(Study material Opens)
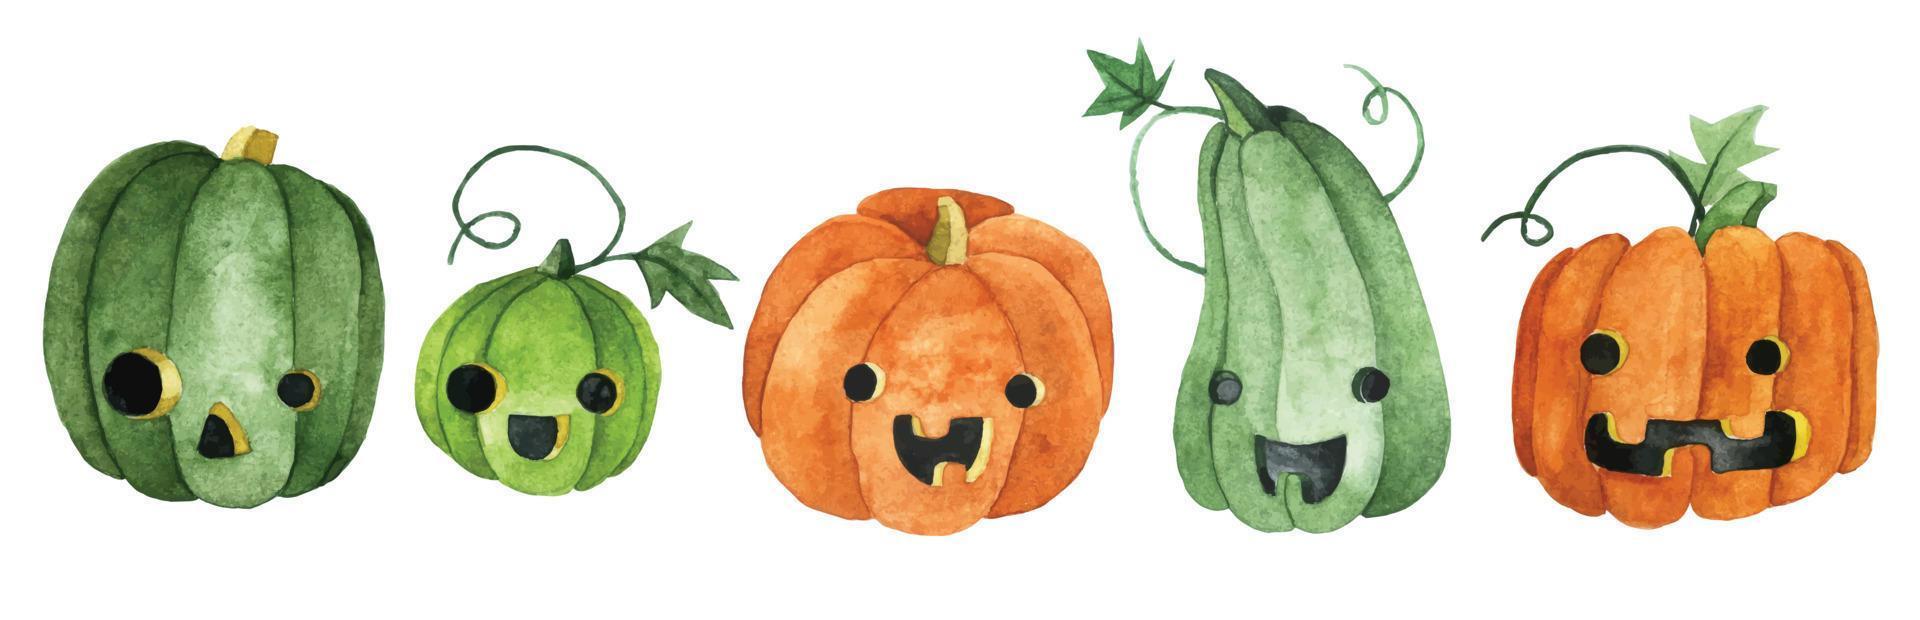 dibujo de acuarela, conjunto de lindas calabazas de halloween. calabazas verdes y naranjas, con caras graciosas, linda foto para niños. vector
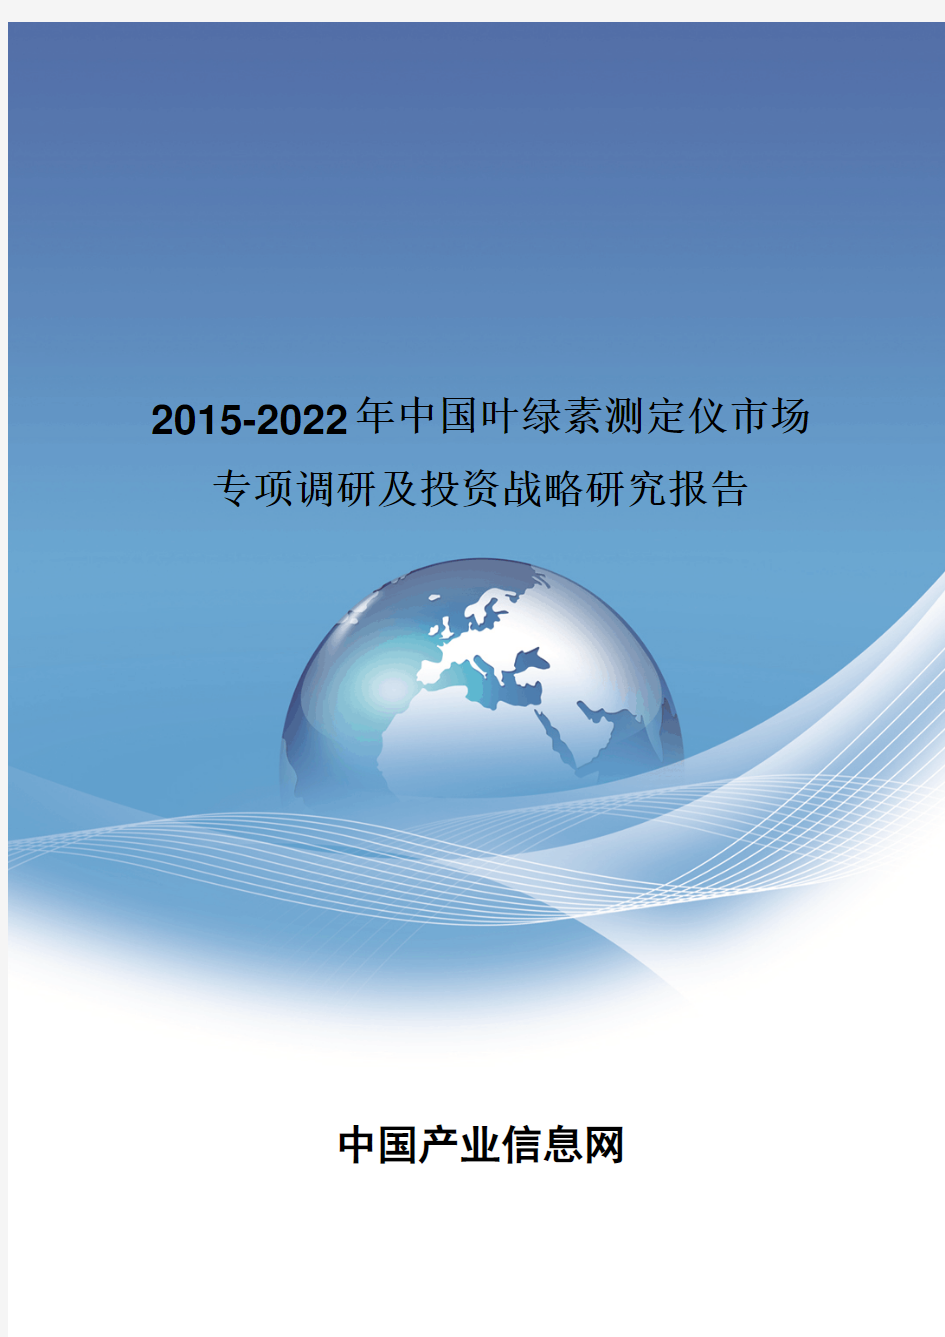 2015-2022年中国叶绿素测定仪市场投资战略研究报告
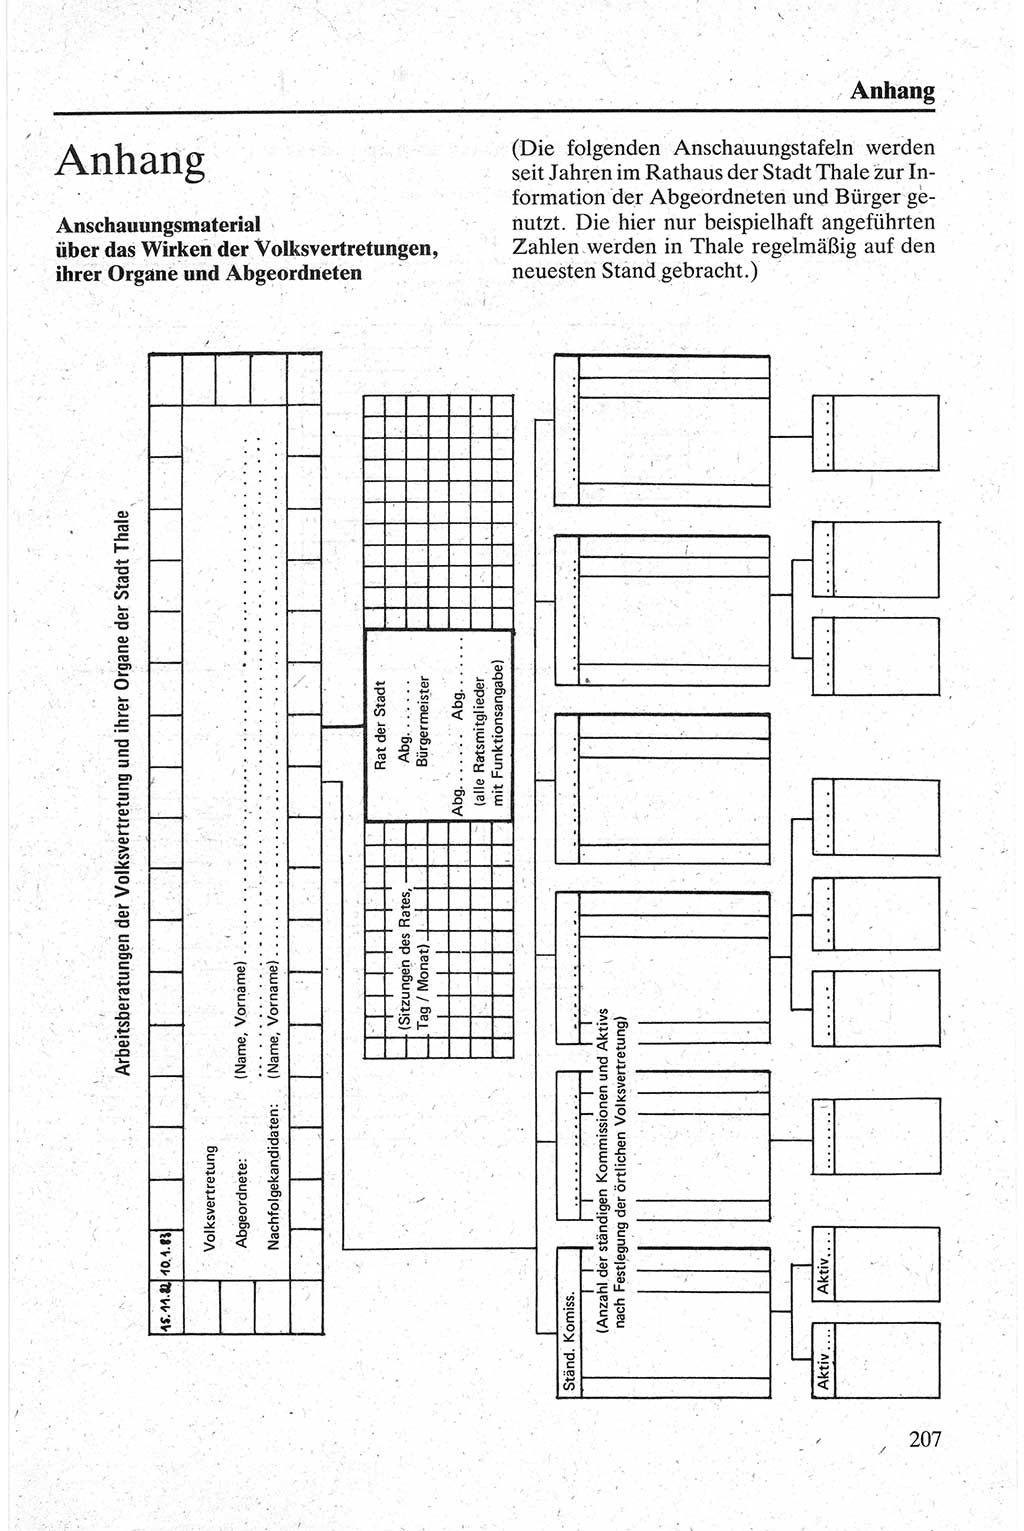 Handbuch für den Abgeordneten [Deutsche Demokratische Republik (DDR)] 1984, Seite 207 (Hb. Abg. DDR 1984, S. 207)
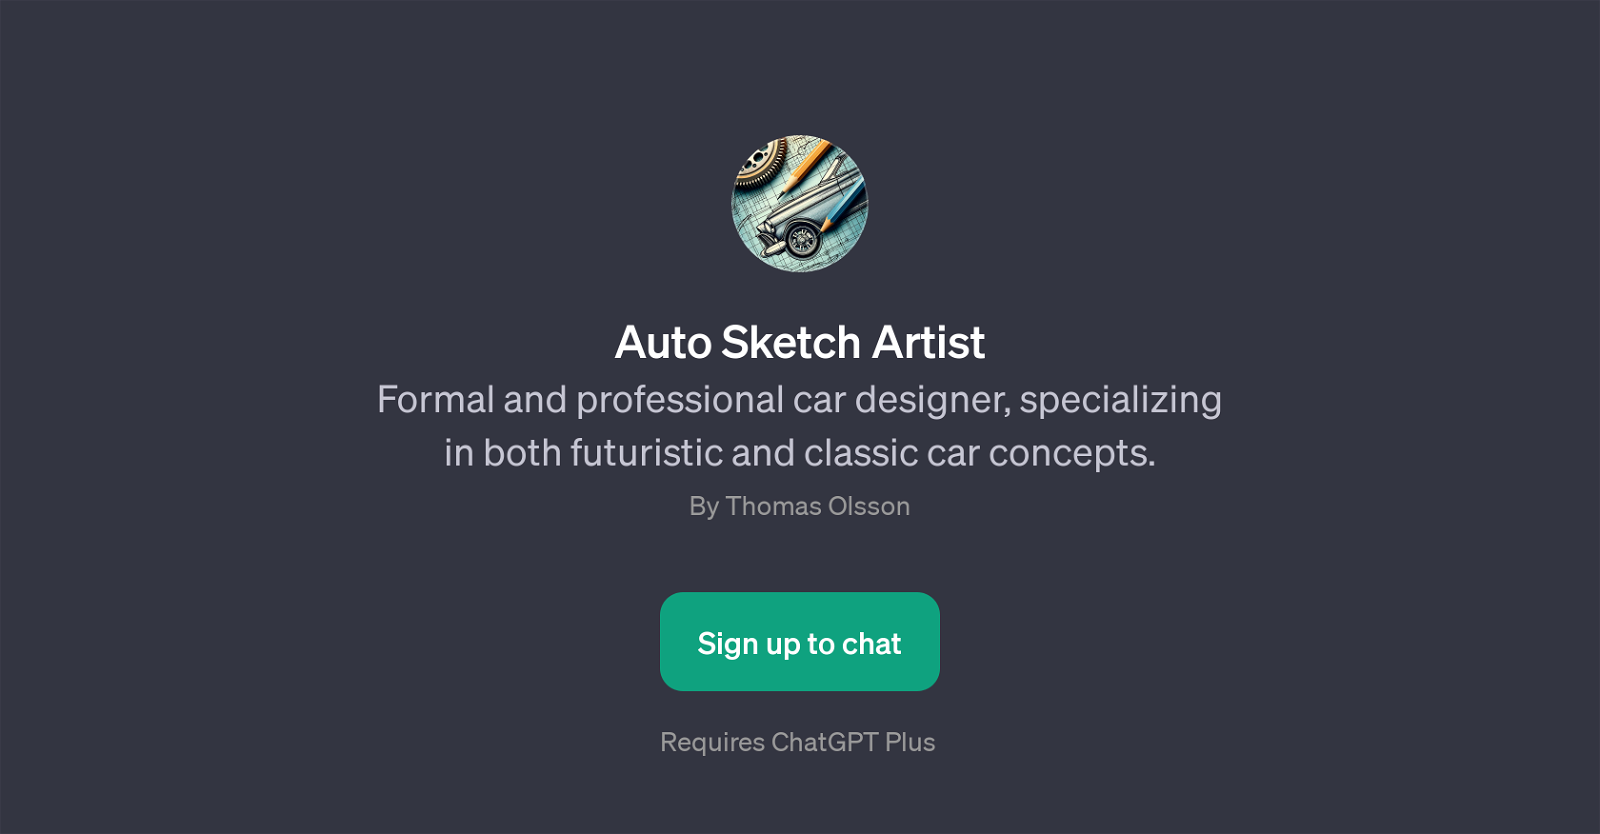 Auto Sketch Artist website
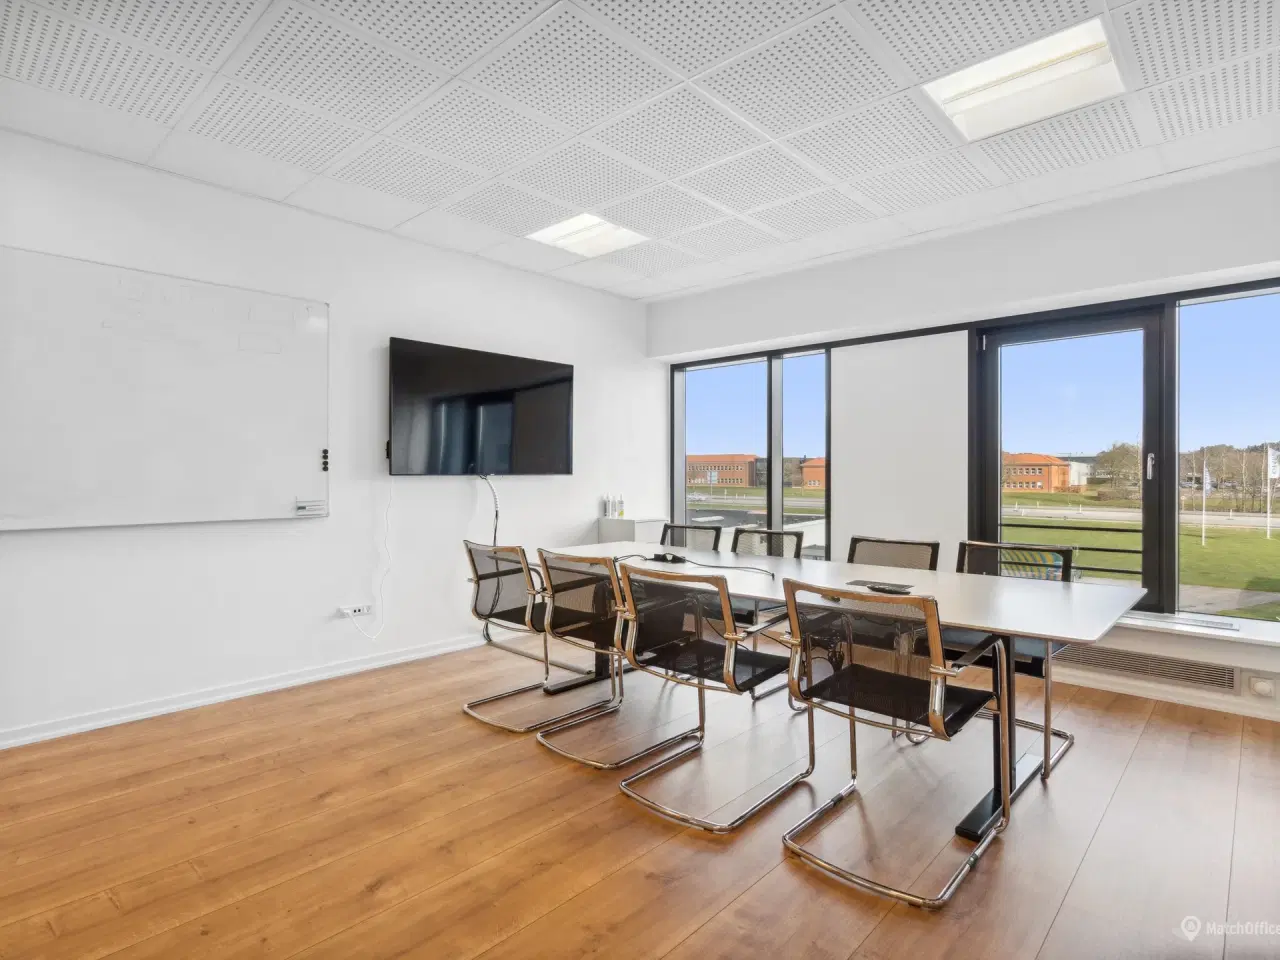 Billede 10 - 342 m² kontor beliggende i meget præsentabel kontorejendom
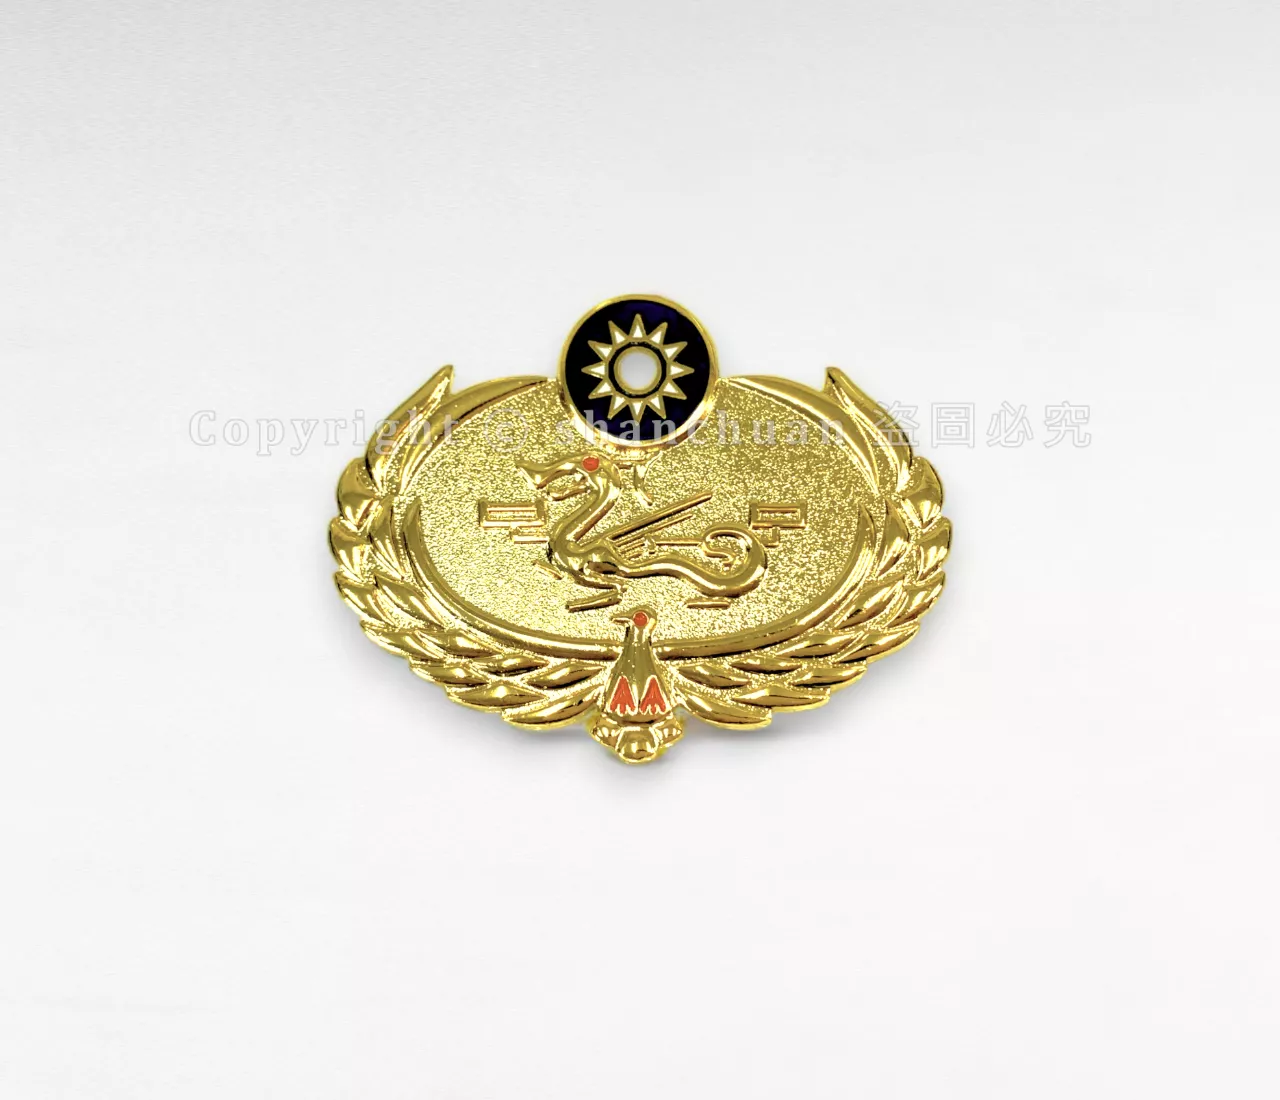 海巡榮譽徽章 - 金
(Study material Closes)
- **What is required**
The output must start at the line holding "2015-2022年中国叶绿素测定仪市场投资战略研究报告", end at the last line of the listing above, and show each line exactly; please omit all pictures.

- **Written response**
 2015-2022年中国叶绿素测定仪市场投资战略研究报告
 Handbuch für den Abgeordneten [Deutsche Demokratische Republik (DDR)] 1984, Seite 207 (Hb. Abg. DDR 1984, S. 207)
 Auto Sketch Artist website
 Billede 10 - 342 m² kontor beliggende i meget præsentabel kontorejendom
 海巡榮譽徽章 - 金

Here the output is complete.